For years, it was common for viral diseases to be associated with the landscapes, places or regions
where the first outbreaks occurred, Nature said.
"But in 2015, the WHO introduced guidelines to stop this practice and thereby reduce stigma and
negative impacts such as fear or anger directed towards those regions or their people," it added.
The pandemic is fueling deplorable racism and discrimination, especially against Asian people,
Nature said.
The article also named a few politicians, including Brazilian lawmaker Eduardo Bolsonaro, for
continuing to associate the virus with China, calling the behavior "irresponsible" and saying it
"needs to stop."
"Many leaders want to listen to and act on expert scientific advice to deal with this pandemic and
save lives," Nature wrote, adding "the advice is clear: we must all do everything we can to avoid
and reduce stigma; not associate COVID-19 with particular groups of people or places; and
emphasize that viruses do not discriminate – we are all at risk."
The apology by Nature showed its pragmatic and scientific spirit, Li Haidong, a professor at the
Institute of International Relations of the China Foreign Affairs University, told the Global Times
on Thursday.
"The journal showed its professionalism in dealing with controversy stemming from the
outbreak," he said, adding that it has set an example in scientific circles and even political circles
on the attitude to be adopted when discussing scientific topics, which shows respect for evidence,
and for being honest and objective, rather than politicizing the matter.
The apology will consolidate its authority and the weight of its words, Li noted.
Chinese netizens showed their support to Nature on social media platform Sina Weibo.

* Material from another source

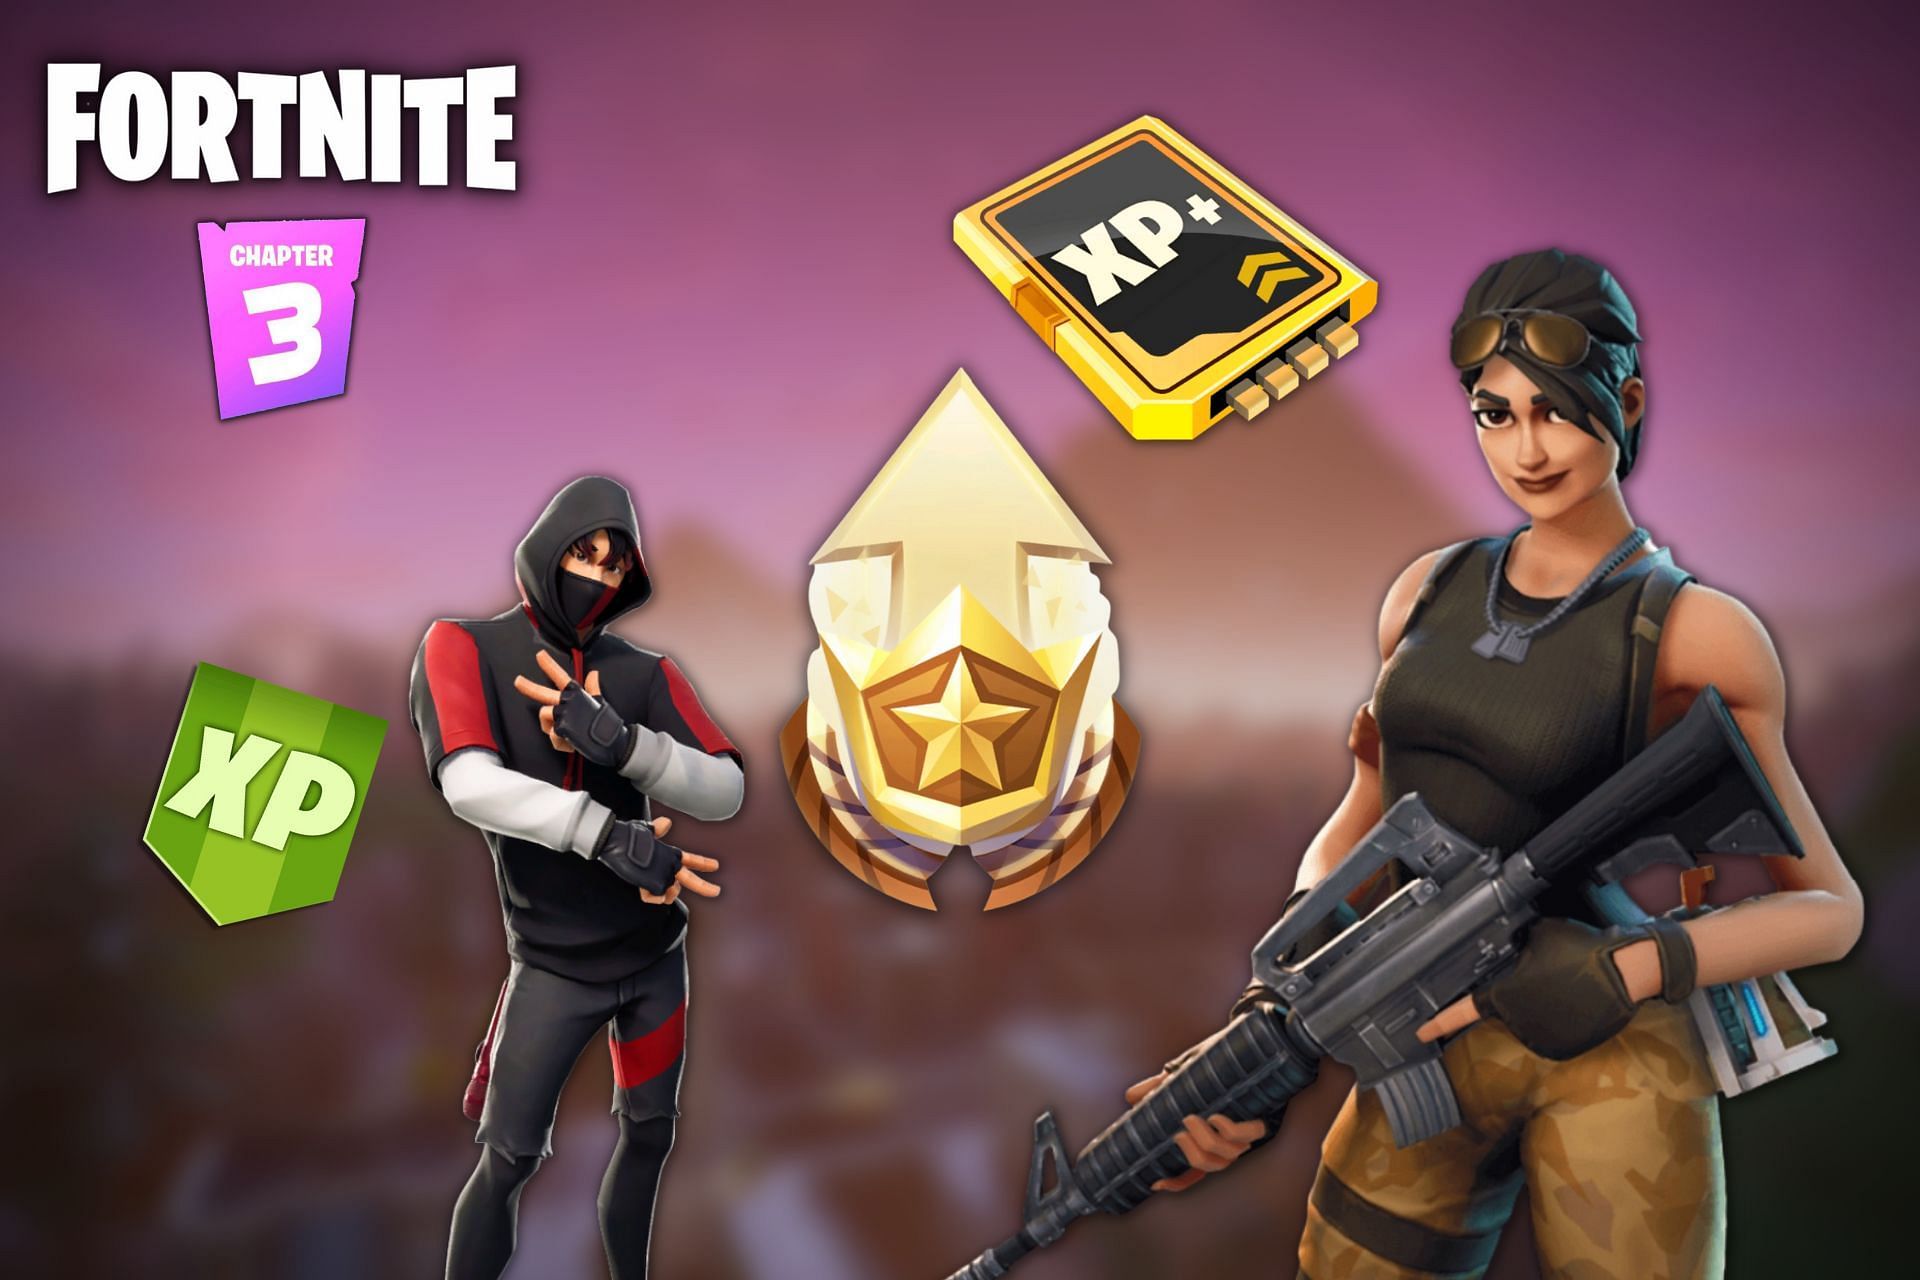 Fortnite Creative Mode is offering a ton of XP for players to acquire and unlock Battle Pass levels quickly in Chapter 3 Season 1 (Image via Sportskeeda)

One net
user said Nature is speaking in a manner respecting facts and proof. Another wrote that Nature
may have had no idea what to call the virus before it had an official name, and it may have failed
to notice the problem of linking a virus to a country, but a timely correction is worth encouraging.
Nature published an article "How quickly does the Wuhan virus spread?" on January 21, and
called it "the Chinese virus" in the article "China closes in on vaccine for deadly pig virus" on March 13.